Sepiapterin Treatment in Atherosclerosis

Margaret M. Tarpey

From the Department of Anesthesiology and the Center for Free Radical Biology, University of Alabama at Birmingham.

Correspondence to Margaret M. Tarpey, Department of Anesthesiology and the Center for Free Radical Biology, University of Alabama at Birmingham, 619 19th St South, Birmingham, AL 35233. E-mail margaret.tarpey{at}ccc.uab.edu

Tetrahydrobiopterin (BH₄) plays an important role in functional and metabolic cellular homeostasis, with additional effects on proliferation.,^1,2 immune responsiveness,^3,4 and neuronal activity.^5–7 Mutations in either de novo biosynthetic or regeneration (salvage) pathways result in BH₄ deficiency associated with diminished levels of seratonin and dopamine with progressive neurologic symptoms.^8,9 The phenotypic presentation of these synthetic mutations can be predicted in large part by the role of BH₄ as an obligatory cofactor in phenylalanine, tryptophan, and tyrosine hydroxylases (the rate-limiting enzymes for catecholamine and seratonin synthesis). The function of BH₄ in these aromatic amino acid hydroxylases involves redox-active donation of electrons and reductive enzyme activation and is associated with a tightly coupled system for regeneration of BH₄ from the oxidized dihydrobiopterin.^8,10

See page 1655

In addition to its role in the biosynthesis of monoamine neurotransmitters, BH₄ serves as an essential cofactor in all isoforms of nitric oxide synthases (NOS), with the Km for BH₄ for NOS several orders of magnitude lower than for the aromatic amino acid hydroxylases: NOS, 0.3 µmol/L vs 3 µmol/L for phenylalanine hydroxylase, 30 µmol/L for tyrosine hydroxylase and tryptophan hydroxylase, suggesting tight coupling of the cofactor with enzyme.⁸ However, the precise function(s) of BH₄ in NOS enzymatic activity is not as well defined as in the aromatic amino acid hydroxylase enzymes and may vary according to enzyme isoform.
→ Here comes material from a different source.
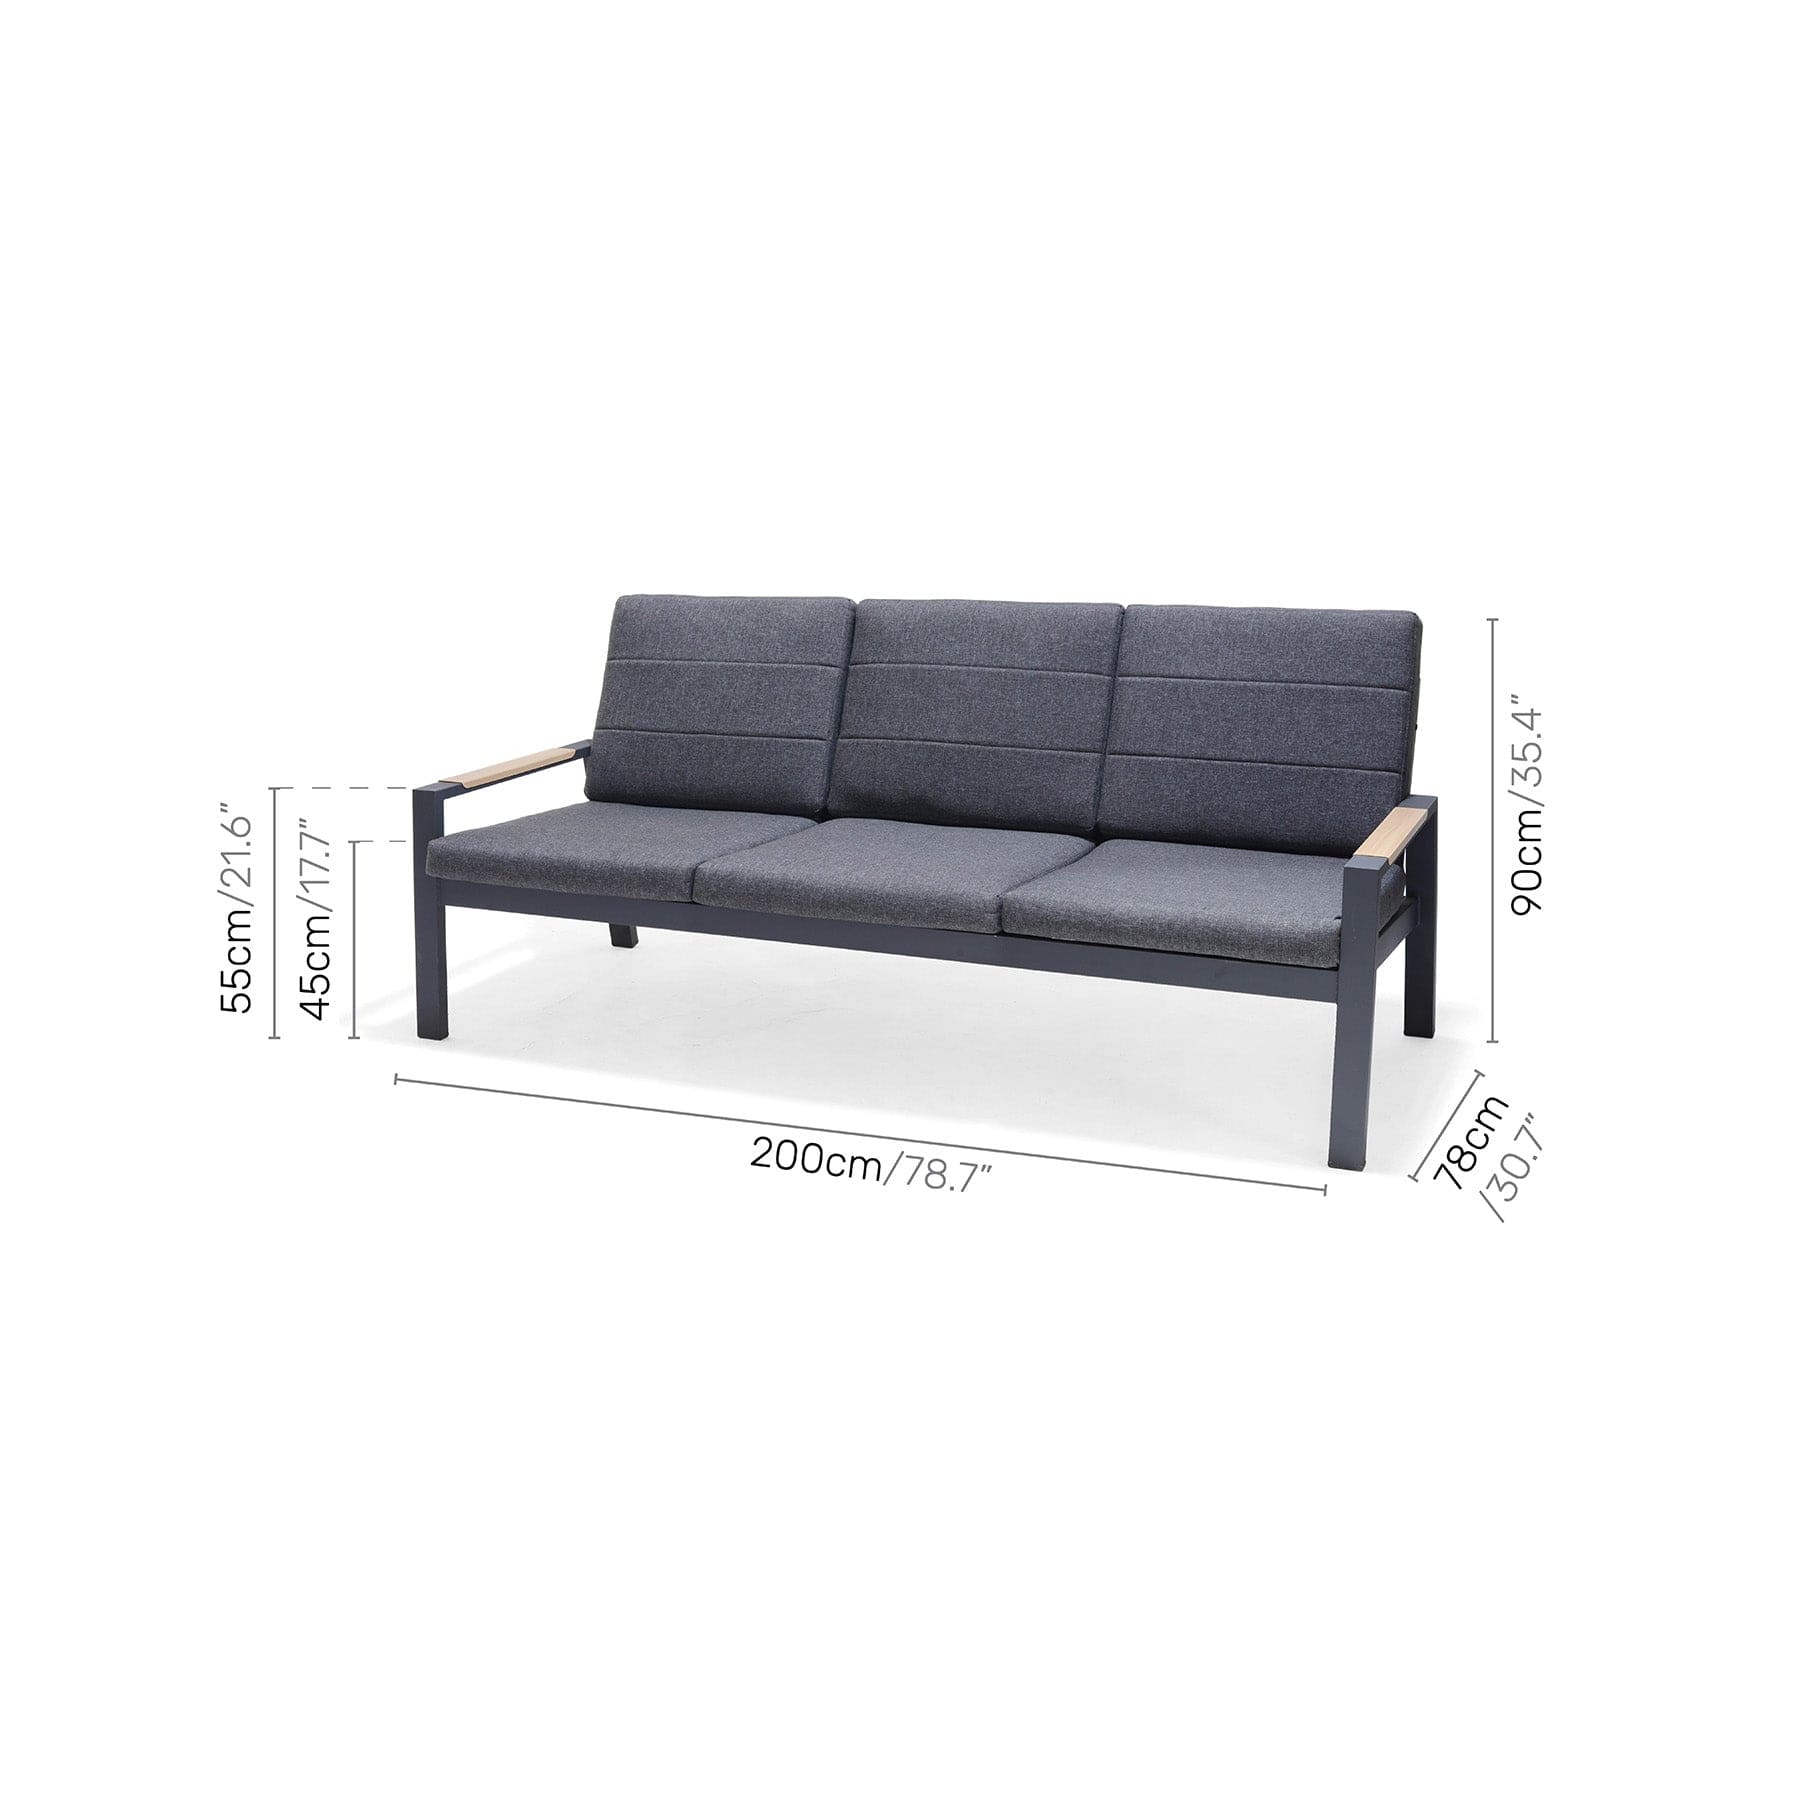 Panama dark sofa set

For endothelial NOS (eNOS), BH₄ has been reported to modulate the heme iron environment and stabilize and increase L-arginine binding, thus resulting in allosteric modulation of enzyme activity.^11,12 The importance of BH₄ in regulating protein dimerization, while critical in iNOS, is diminished for eNOS.¹³ Importantly, eNOS has been demonstrated to generate superoxide in a calcium/calmodulin-dependent fashion that is influenced by BH₄ levels, as well as the availability of L-arginine substrate.^12,14 This NADPH-dependent formation of superoxide anion in the absence of NO production has been referred to as uncoupling of NOS activity.¹⁵ Superoxide formation from eNOS is critically controlled by BH₄, with increasing production of superoxide occurring at low levels of reduced pterin, even in the presence of L-arginine.^12,14 More recently, partially oxidized analogues of BH₄ have been shown to also enhance rates of superoxide formation from purified eNOS in the presence of saturating L-arginine concentrations, suggesting that the ratio of reduced and oxidized biopterin may be physiologically important in determining rates of NO production versus uncoupled superoxide formation from eNOS.¹⁶

The increase in oxidant formation that appears to accompany most, if not all, disease processes associated with endothelial-dependent vascular dysfunction may potentially be a result of inadequate BH₄ concentrations within the vasculature, with ensuing uncoupling of eNOS, increased superoxide formation and diminished NO formation. Thus, there is intense interest in the potential for BH₄ to modulate eNOS activity. Numerous groups have recently reported beneficial effects of acute (60 minutes) administration of BH₄ or analogs such as sepiapterin on endothelial function in both clinical and experimental models of hypercholesterolemia, atherosclerosis, hypertension, and cigarette smoking.^17–21 Additionally, the beneficial effects of vitamin C administration on endothelial function are in part due to stabilization of intracellular BH₄ with resultant enhanced NO bioactivity.^22,23 A similar mechanism of BH₄ stabilization may underlie the influence of folate supplementation on eNOS activity.²⁴

Alterations in BH₄-dependent eNOS activity have also been implicated in diabetic vascular dysfunction where sepiapterin has been reported to diminish eNOS-derived superoxide in human vascular segments.²⁵ Acute administration of a BH₄ analog augmented endothelial-dependent relaxation in a streptozotocin model of diabetes.²⁶ Spontaneously diabetic BB rats have diminished GTP-cyclohydrolase 1 activity and decreased BH₄ levels, while sepiapterin treatment for 48 hours normalized BH₄ levels and increased NO production from endothelial cells isolated from diabetic BB rats.²⁷ In an insulin-resistant rat model, chronic oral administration of BH₄ also increased vascular BH₄ content and improved endothelial-dependent vascular function.²⁸ Given these positive outcomes after administration of BH₄, either longer term in vitro exposures or chronic administration studies are warranted in models of atherosclerosis.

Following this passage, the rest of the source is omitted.